O propósito primário do clube, na forma pela qual eles veem, não é jogar futebol ou representar uma comunidade, mas ampliar a visibilidade da marca Red Bull.

A organização toda, na opinião dessas pessoas, é um produto artificial armado até os dentes por uma grande empresa internacional –e que desrespeita escandalosamente as regras 50+1 adotadas supostamente para dar o controle final dos clubes alemães aos seus torcedores—, tudo isso para vender algumas latinhas a mais de bebidas energéticas.

Embora essa seja uma opinião da qual muitos torcedores comuns compartilham –Robert Claus, que pesquisa sobre a cultura dos torcedores alemães, diz que “embora haja diferenças de opinião entre os torcedores comuns e os torcedores "ultras" sobre algumas coisas, o RB Leipzig é outro assunto”—, essa indignação é sentida mais intensamente, e expressa da forma mais pública, pelos "ultras".

O RB Leipzig é a antítese do que os grupos extremistas representam, não importa para que time torçam. Ser um torcedor "ultra" é se opor a um time como o Leipzig. E, sim, como provou aquela faixa no jogo contra o Schalke 04, existe um segundo lado na história. A divisão binária pode se aplicar em princípio, mas não funciona na prática.

“Mais cedo ou mais tarde, quando você tem um carnê de ingressos para a temporada, o que eu tinha aos 13 ou 14 anos, você para de olhar para o campo e olha para as faixas e bandeiras no estádio”, disse um torcedor do Leipzig conhecido como Mucki. “A cena parece selvagem, descontrolada, e fascina o torcedor."

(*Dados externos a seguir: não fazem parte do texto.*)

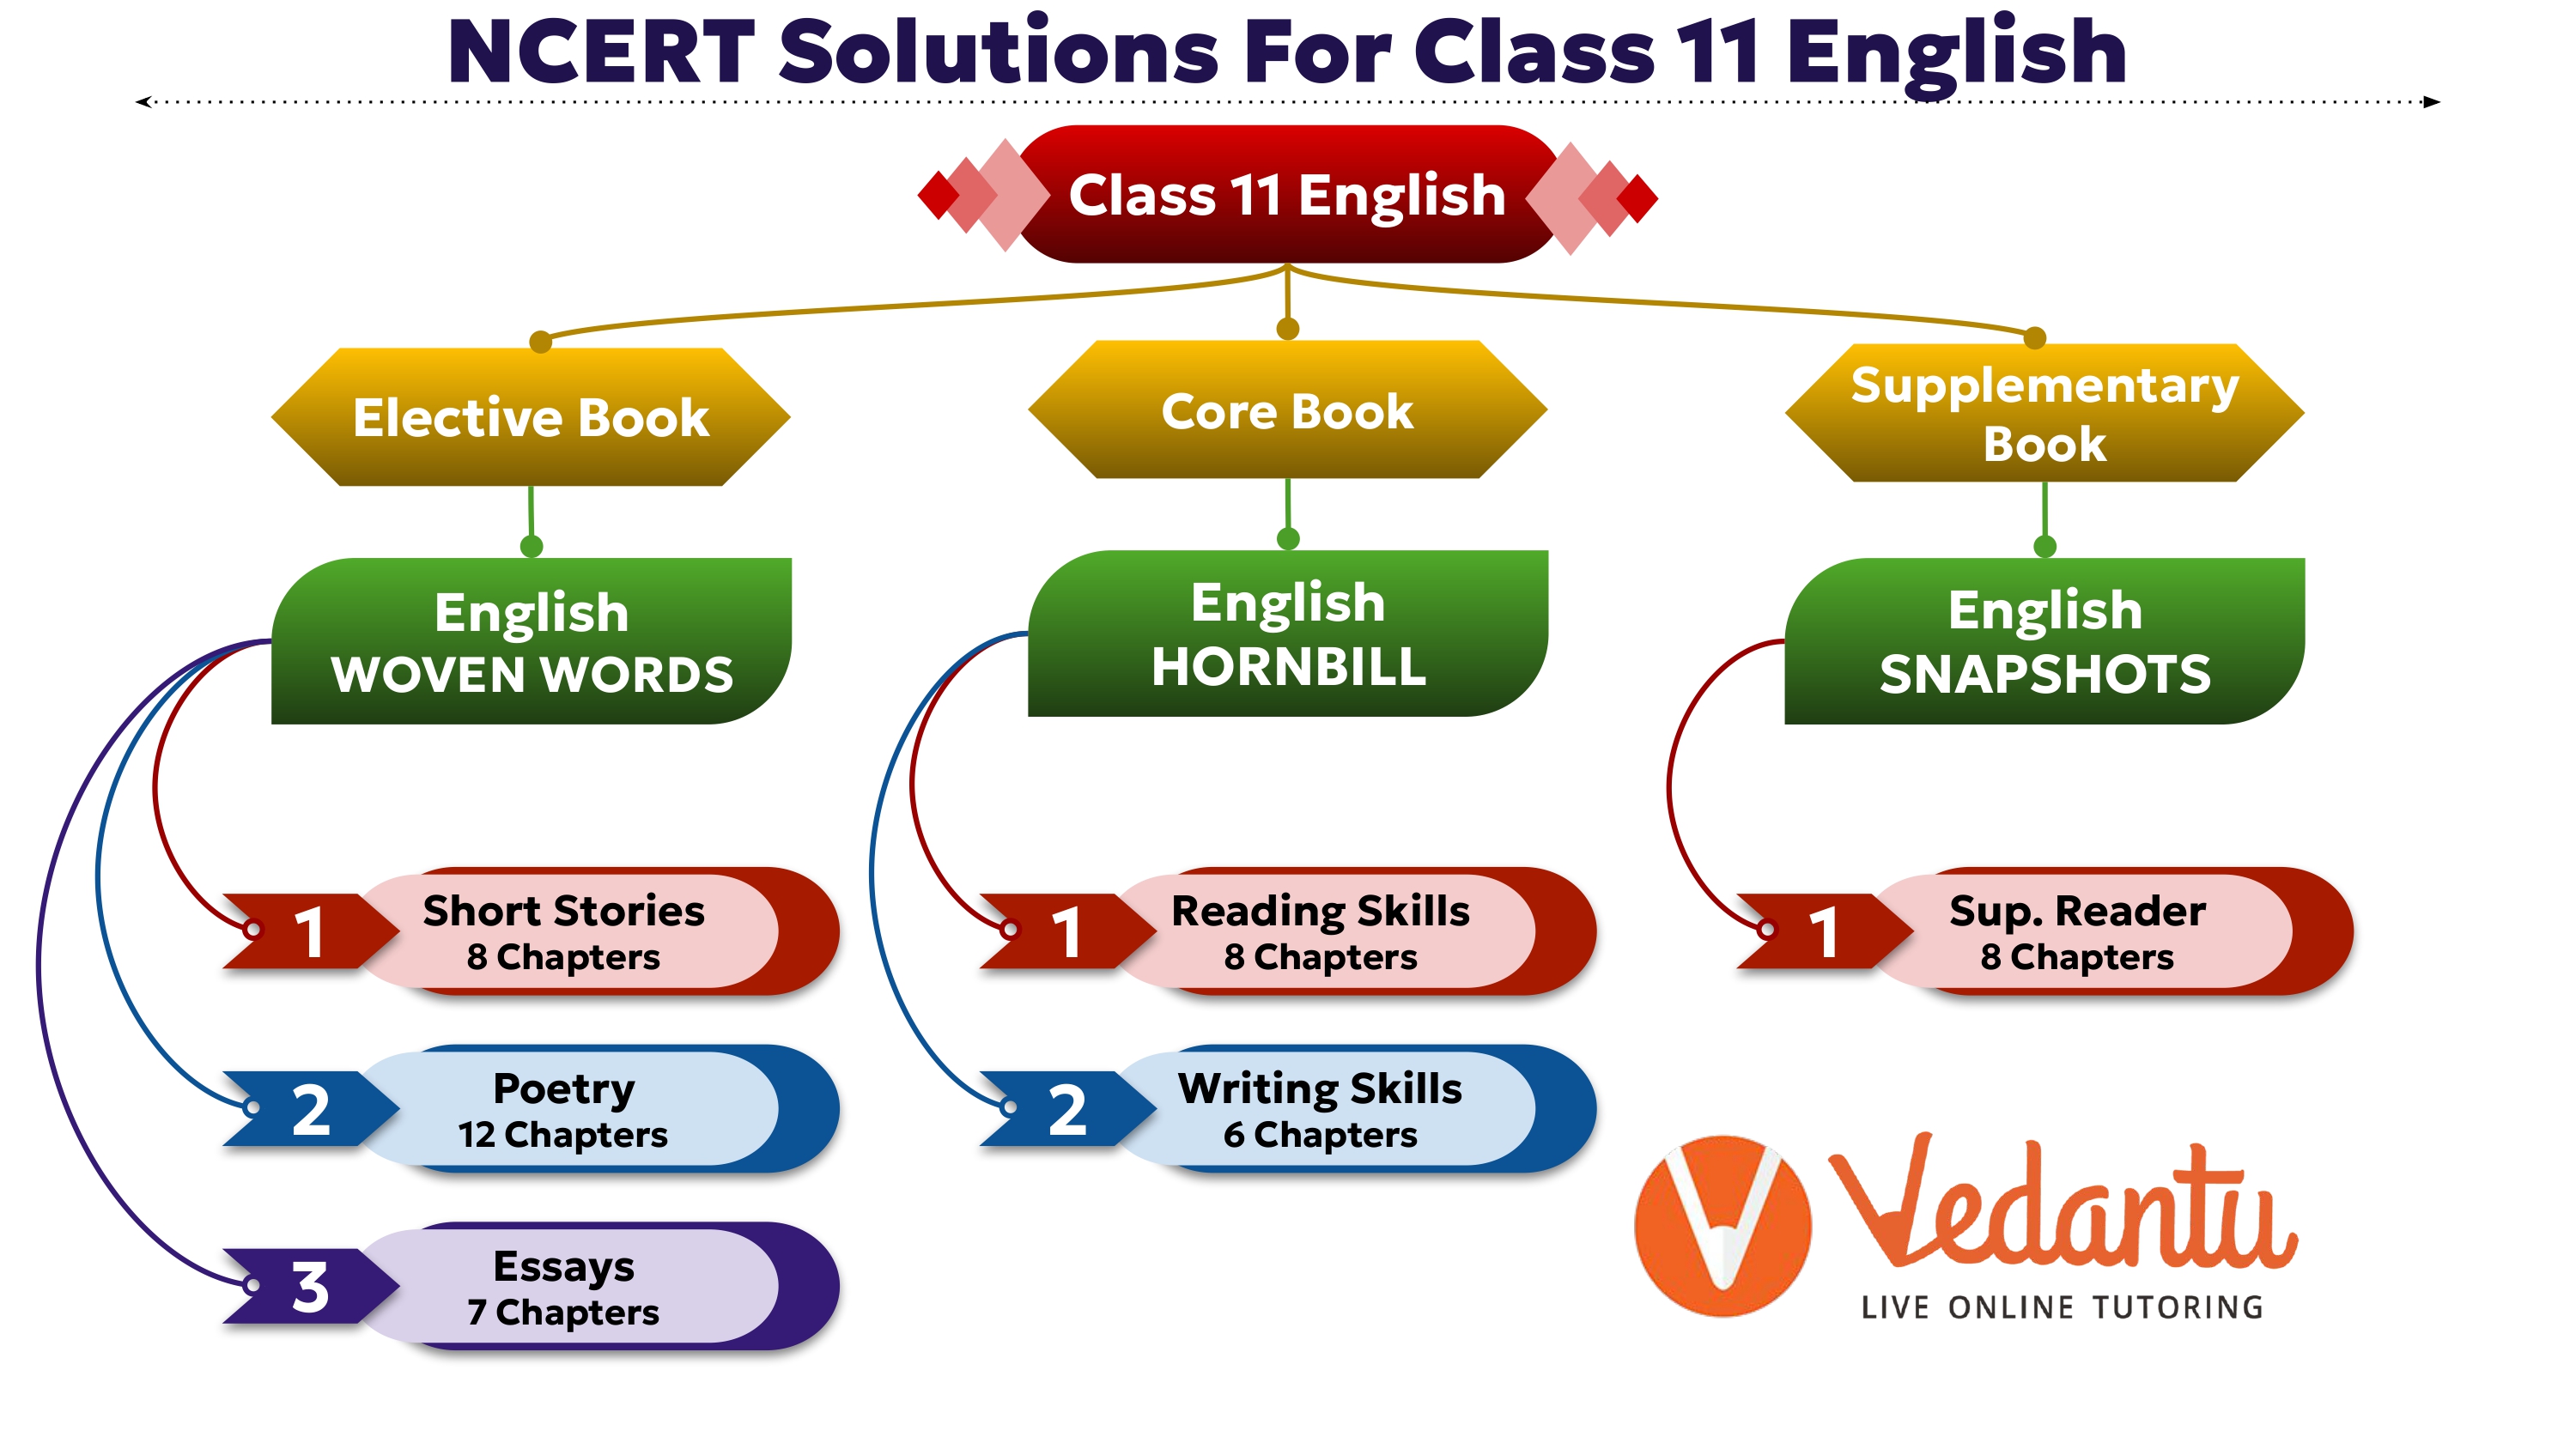 NCERT Solutions for Class 11 English - Chapter-wise Overview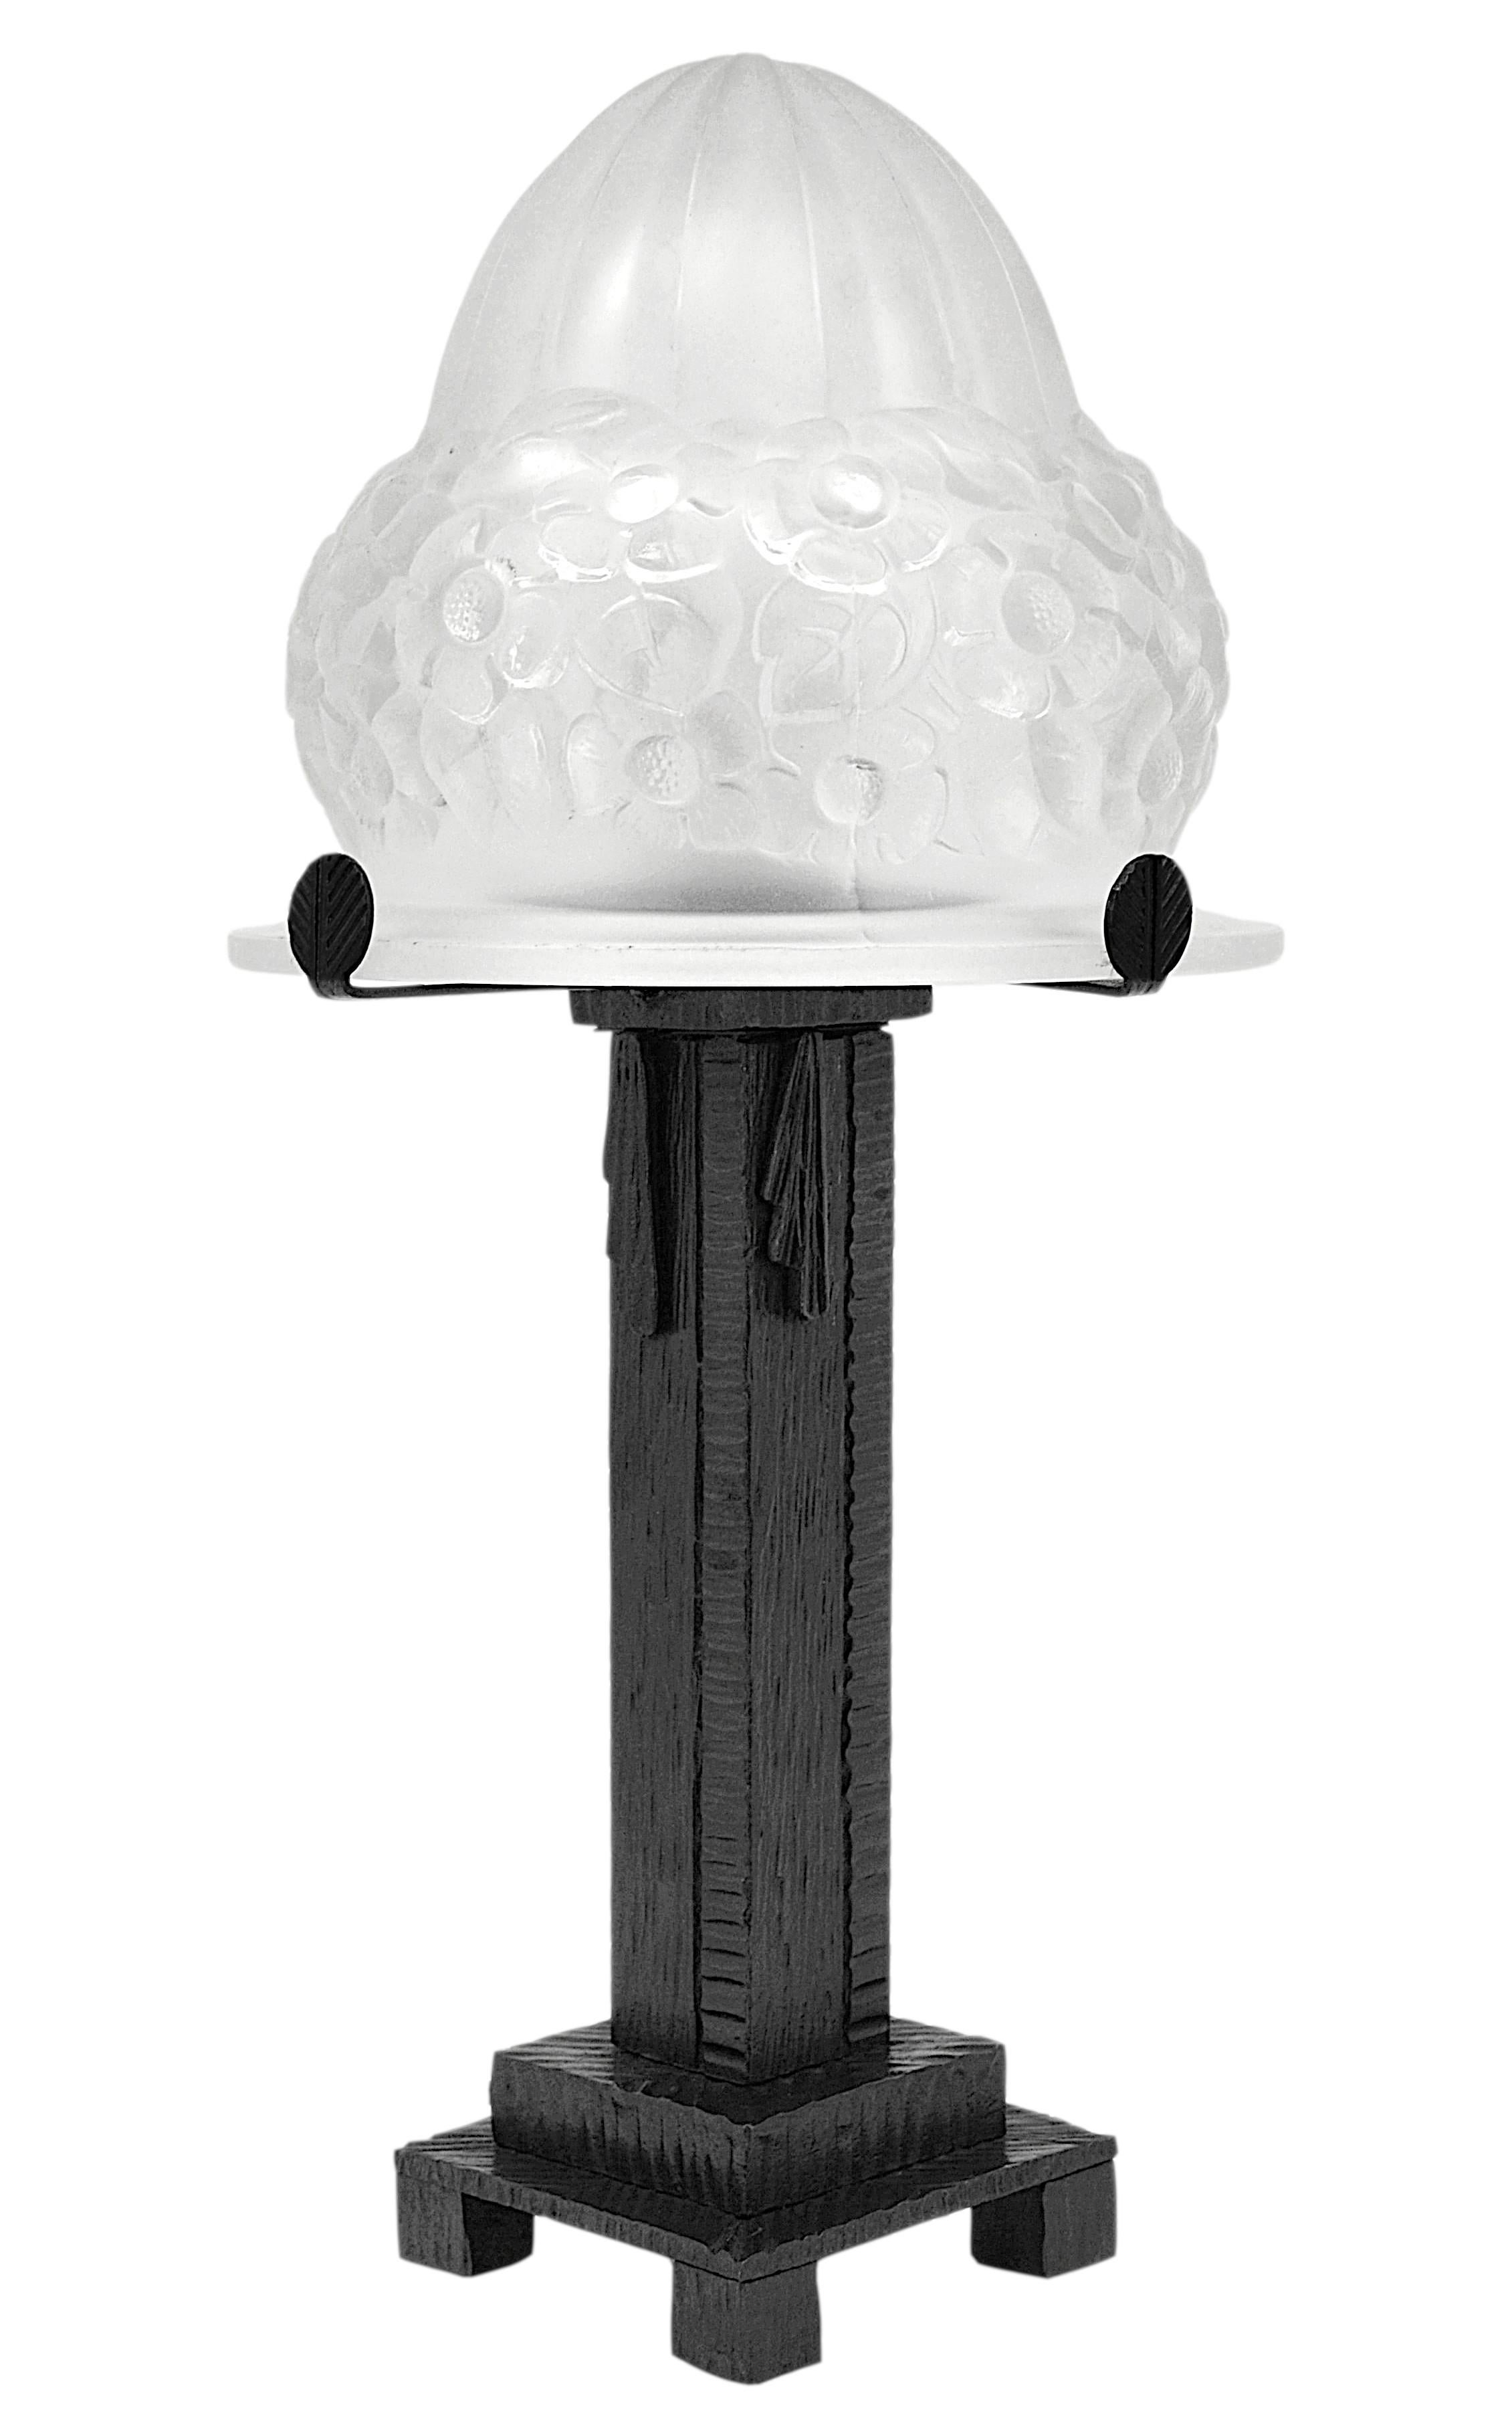 French Art Deco table lamp by Pierre Gilles, 27 rue Esquirol, Paris 13e, France, ca.1930. Glass and wrought-iron. Same period as Hettier-Vincent, Muller Freres. Thick molded glass shade. Superb wrought-iron base. Measures: Height: 17.1

Mucki –que só concordou em falar se fosse identificado por um pseudônimo– era criança quando o RB Leipzig foi criado, em 2009, e mal tinha chegado aos 10 anos quando começou a assistir a jogos no estádio. Ele não pensava, então sobre os motivos para que o clube tivesse aterrissado, quase pronto, em sua cidade natal. Para ele, era emocionante poder acompanhar um time dotado de ambições.

Na adolescência, amigos o convidaram para assistir aos jogos na “kurve” do Red Bull Arena, o estádio do time no centro da cidade, e embora Mucki não se defina como torcedor "ultra", ele se tornou membro da Red Aces, a primeira torcida organizada "ultra" do clube. Agora ele é parte da Rasenballisten, uma torcida cujo objetivo é “apoiar o time, mas não a Red Bull”.

Mucki admite que, para muita gente, essa é uma contradição impossível: que alguém seja considerado torcedor "ultra" de um time como o RB Leipzig. As emoções geradas quando o time vence são reais, mas seu relacionamento com o clube é complicado, multifacetado. “O elo que tenho com o time é uma relação de amor e ódio."

Vários jogadores disputam a bola pelo alto
RB Leipzig venceu o Atlético de Madrid nas quartas de final da Champions League - Miguel A. Lopes - 13.ago.20/AFP

Mucki e seus colegas certamente sabem como seu time é encarado pelas demais torcidas do país. Ainda que ele não demore a apontar que “apenas uns poucos clubes não são negócios mundiais” —mesmo o Dortmund vendeu os “naming rights” de seu estádio—, ele não busca se proteger acusando os rivais de hipocrisia.

“Compreendo os argumentos deles”, disse Mucki. “É fácil apontar para esses problemas. Estamos tentando mudar as coisas."

E a torcida teve algum sucesso. Ele acredita que os Red Aces tenham tido papel importante em ajudar o clube a fomentar um ambiente “de mente aberta e tolerante”, no qual foi possível realizar manifestações de apoio aos refugiados e fazer protestos contra o Pegida, o grupo hostil ao islamismo que ascendeu inicialmente em Dresden e depois se espalhou pela Alemanha.

Mas no começo deste ano, a Red Aces acabou. Mucki disse que isso aconteceu em parte porque os integrantes estavam “cansados”, não da hostilidade externa, mas da resistência dentro do clube. Mas também houve outro fator para o fim da Red Aces: “O clube cresceu tão rápido que se tornou difícil sentir aquela conexão”.

Mucki entrou para a Rasenballisten, disse, porque a torcida tinha por objetivo “mudar o que as pessoas pensam sobre o clube”.

A torcida opera com um logotipo alternativo e rejeita completamente o uso do touro como símbolo do time. Essa é a iconografia do patrocinador, e nada mais. Em um mundo ideal, o distintivo do Leipzig um dia mudará. O objetivo da torcida é esse: não se queixar da existência do RB Leipzig, mas trabalhar para mudá-lo. Dentro do artificial, encontrar o autêntico.